To reduce the methodological bias, we first removed rRNAs, transfer RNAs, and the ssrA gene from the reads per gene data. Second, we accounted for a lower number of reads in the ex vivo (on average 850,000) compared to the in vitro samples (on average 6.7 billion), as a low number of reads might influence and increase the variance. Therefore, we subsampled the read numbers to a similar level using the R function rrarefy (R package vegan (v.2.5.2)). One sample with <500,000 reads (ex vivo LLP) was removed and the remaining samples were subsampled to the next sample with the lowest number of reads. To increase comparability between the samples, genes with less than 5 counts per million (cpm) in any sample were removed from the dataset and reads of the remaining 3525 genes were normalized using trimmed mean of M values. The BCV is the square root of the tag-wise dispersion (variation per gene), which has been calculated using the package edgeR for ex vivo and in vitro samples separately. Data were visualized as density plot using the R package ggplot2 (v.2.2.1)54. MDS plots were generated using the R function plotMDS (default settings) from the package edgeR.
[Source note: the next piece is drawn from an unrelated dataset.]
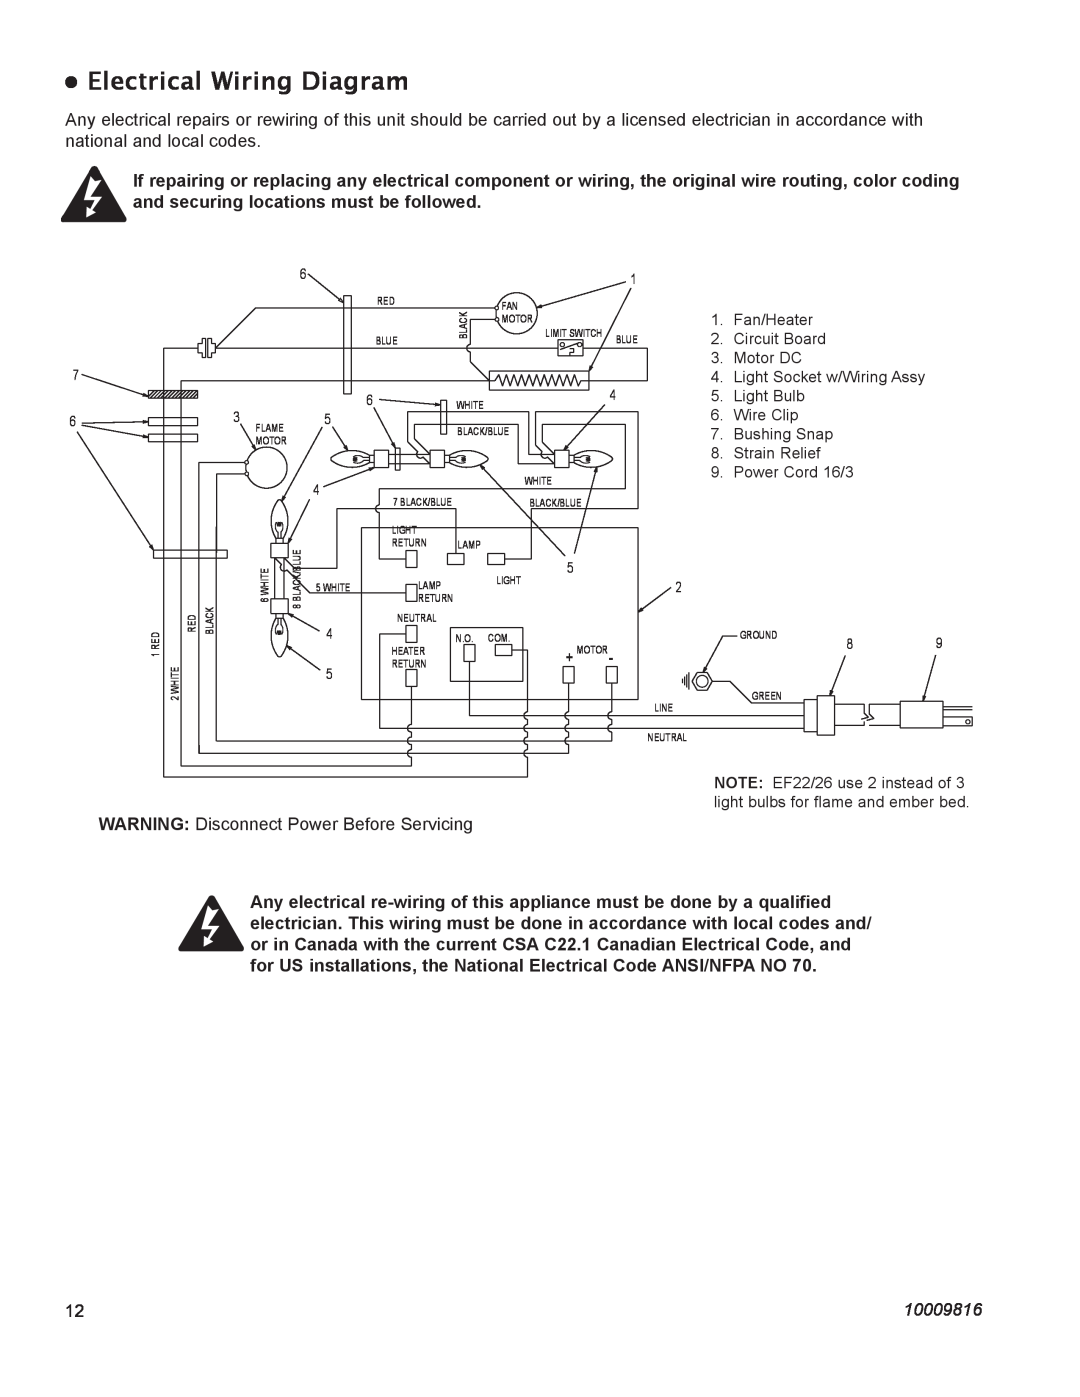 Vermont Casting EF26FG, EF22 Electrical Wiring Diagram, WARNING Disconnect Power Before Servicing, 10009816 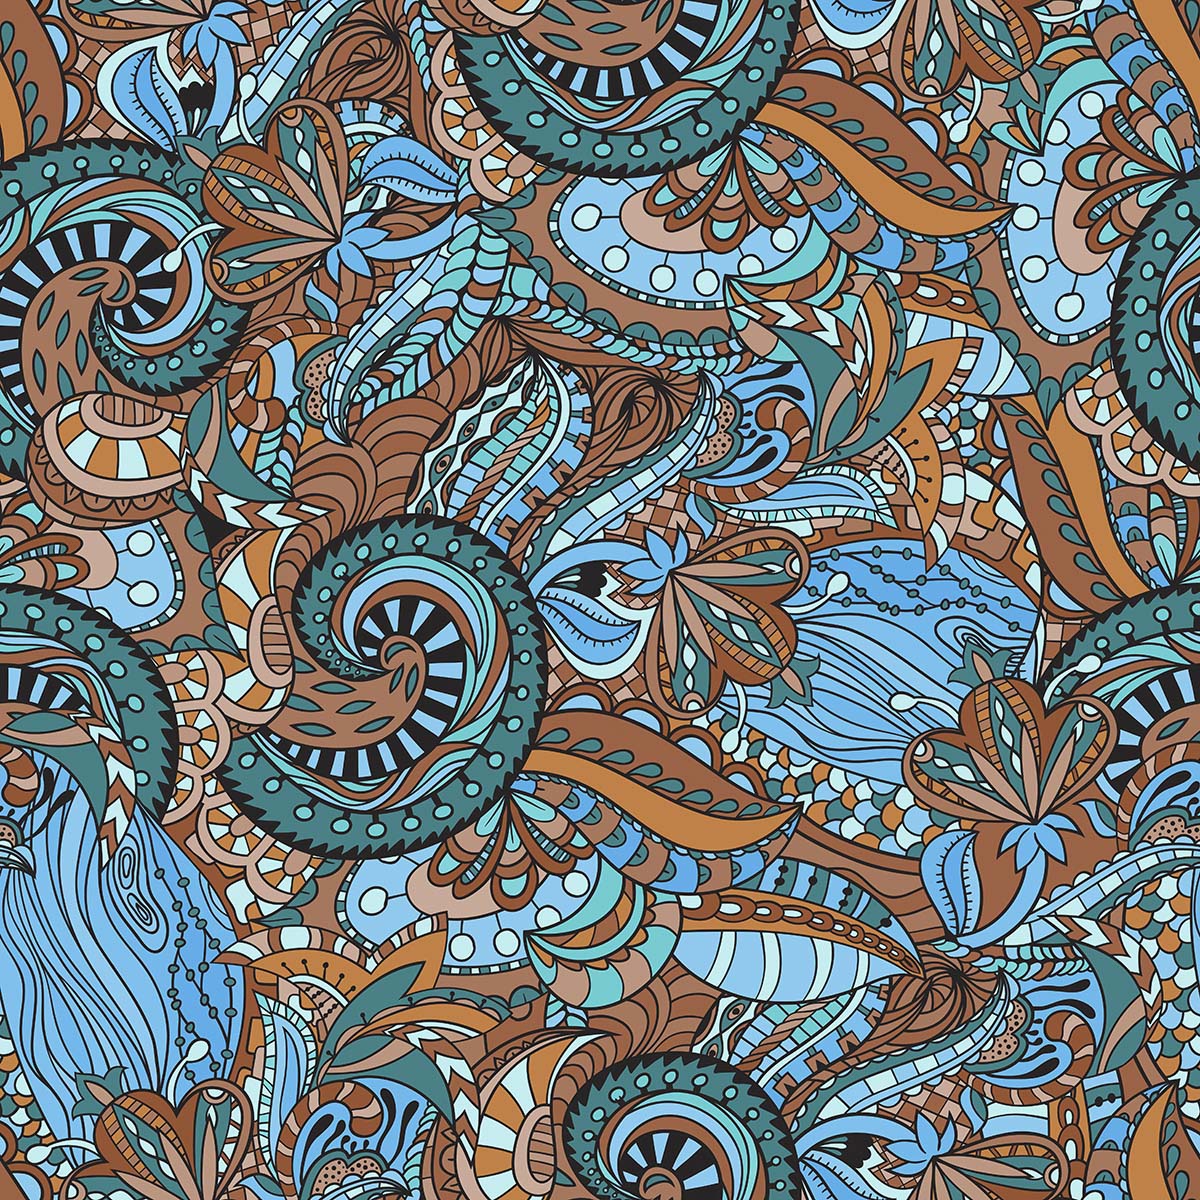 A pattern of blue and brown paisleys

DNA extraction and sequencing analyses

DNA was extracted from cell pellets using the DNeasy Blood & Tissue Kit (Qiagen) and fragmented with the S2/E210 Focused-ultrasonicator (Covaris) to achieve 400-nt-long fragments. Library preparation was performed using NEBNext Ultra DNA Library Prep Kit for Illumina (NEB) according to the manufacturer’s instructions. The samples were sequenced on an Illumina HiSeq 2500 device (2 × 150 bp pair-ended reads). Raw reads were mapped to the PAO1 reference genome as described for RNASeq mapping. After quality filtering of specific nucleotide variations, each SNP position in the 50 isolates were checked in the integrative genome viewer (IGV) (v.2.3.98). To correlate the SNPs of the single isolate with those of the deep pool sequencing, every SNP position as identified in the genomes of the single isolates was checked in IGV. For all SNP positions the ratio of mutated isolates to all isolates was calculated. This ratio was then correlated to the frequencies of mutated reads in the corresponding pools. The mean value from two pools was used for analyses. Furthermore, the mutation frequencies in the cDNA samples were correlated to the mutation frequencies of the pools and single isolates (per compartment). Therefore, the SNP positions found in the pool genomes were checked in IGV in the cDNA samples in order to calculate the SNP frequencies (cut-off: 20 cDNA reads). Correlation coefficients and corresponding p values were performed using Pearson’s correlation (R function cor.test). All p values were corrected using the false discovery rate.

Phylogenetic tree

The genomic DNA read files (fastq) were de novo assembled using SPAdes (v.3.10.1)55 with default settings and the “careful” option. From the output we used the “contigs.fasta” files for annotation with Prokka (v.1.12)56 with the options “metagenome” and “compliant”. From the gff output files a pan genome was created by Roary (v.1.007002)57, which creates a multi-FASTA alignment of all of the core genes using PRANK58. The tool FastTree (v.2.1) was used to calculate a phylogenetic tree. The phylogenetic tree was visualized with the iTOL online tool.

Reporting summary

Further information on research design is available in the Nature Research Reporting Summary linked to this article.